Lecture
The Monte Carlo method (see Lecture 21. Statistical modeling) is based on the generation of random numbers that should be evenly distributed in the interval (0; 1). If the generator produces numbers that are offset in some part of the interval (some numbers fall out more often than others), then the result of solving the problem solved by the statistical method may turn out to be incorrect. Therefore, the problem of using a good generator of truly random and really evenly distributed numbers is very serious. The expectation m r and the variance D r of such a sequence consisting of n random numbers r i should be as follows (if these are really uniformly distributed random numbers in the range from 0 to 1): If the user needs the random number x to be in the interval ( a ; b ), other than (0; 1), use the formula x = a + ( b - a ) · r , where r is a random number from the interval (0; one). The legality of this transformation is demonstrated in fig. 22.1.
Now x is a random number evenly distributed in the range from a to b . |
|
Note that, ideally, the density distribution curve of random numbers would look like that shown in Fig. 22.3. That is, in the ideal case, the same number of points falls into each interval: N i = N / k , where N is the total number of points, k is the number of intervals, i = 1, ..., k .

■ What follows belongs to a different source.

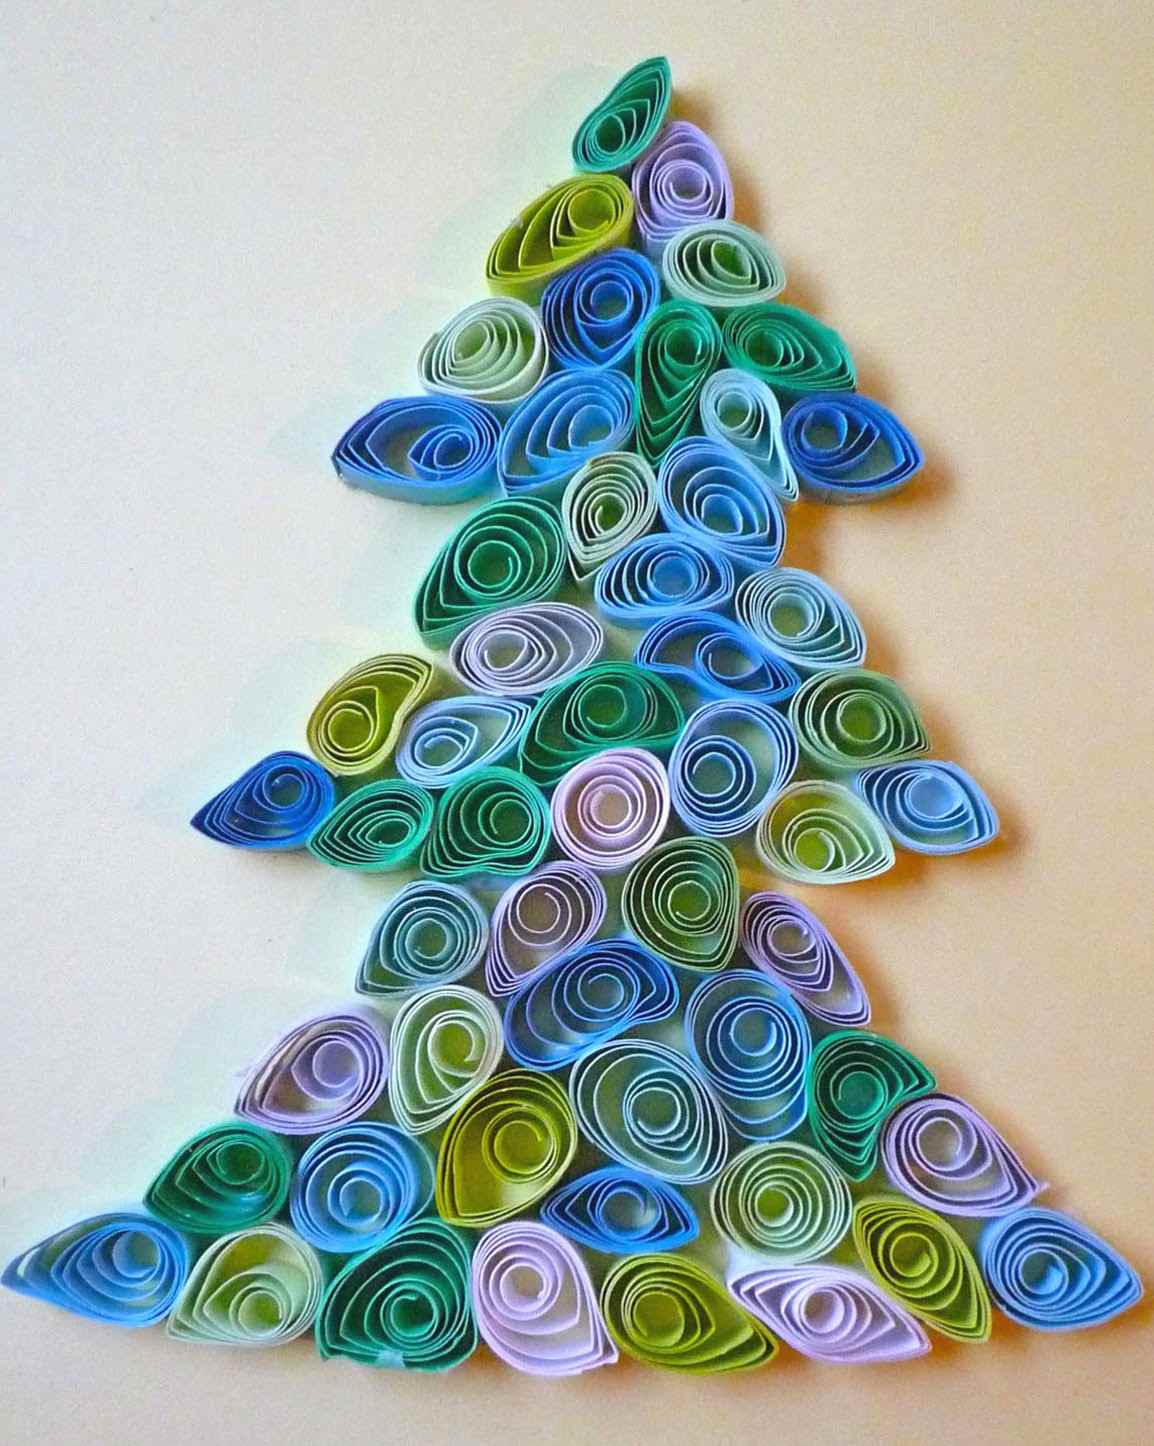 příklad vytvoření světlého vánočního stromku z lepenky sami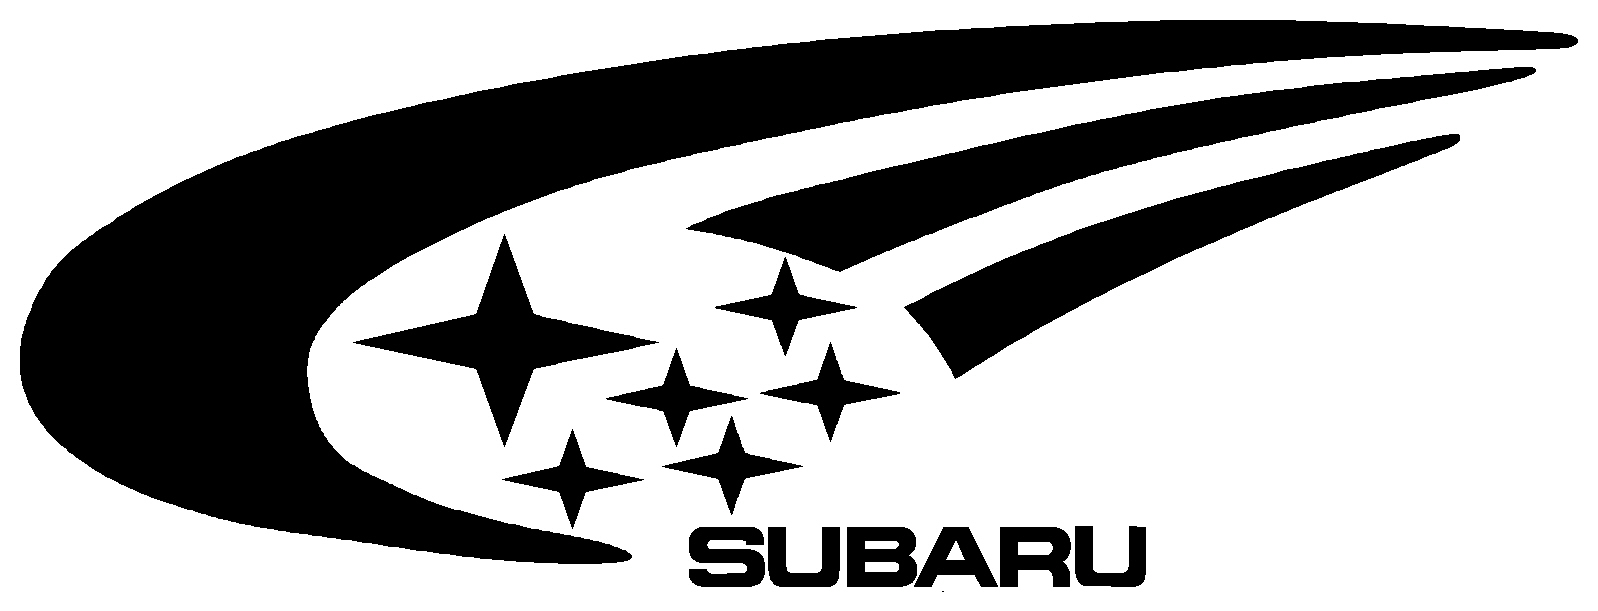 Subaru Rally Logo - Subaru star Logos

It should be remembered that the generation of an arbitrary random number consists of two stages:
Random number generators by the method of obtaining numbers are divided into:
Physical RNGAn example of physical RNGs can be: a coin ("eagle" - 1, "tails" - 0); dice; divided into sectors with numbers drum with an arrow; instrumental noise generator (GSH), which is used as a noisy thermal device, for example, a transistor (Fig. 22.4–22.5).
Tabular RNGTable RNGs use specially compiled tables containing verified uncorrelated, that is, completely independent from each other, figures as a source of random numbers. In tab. 22.1 the small fragment of such table is resulted. By going around the table from left to right from top to bottom, you can get random numbers evenly distributed from 0 to 1 with the required number of decimal places (in our example, we use three signs for each number). Since the numbers in the table are independent of each other, the table can be bypassed in different ways, for example, from top to bottom, or from right to left, or, say, you can select numbers that are in even positions.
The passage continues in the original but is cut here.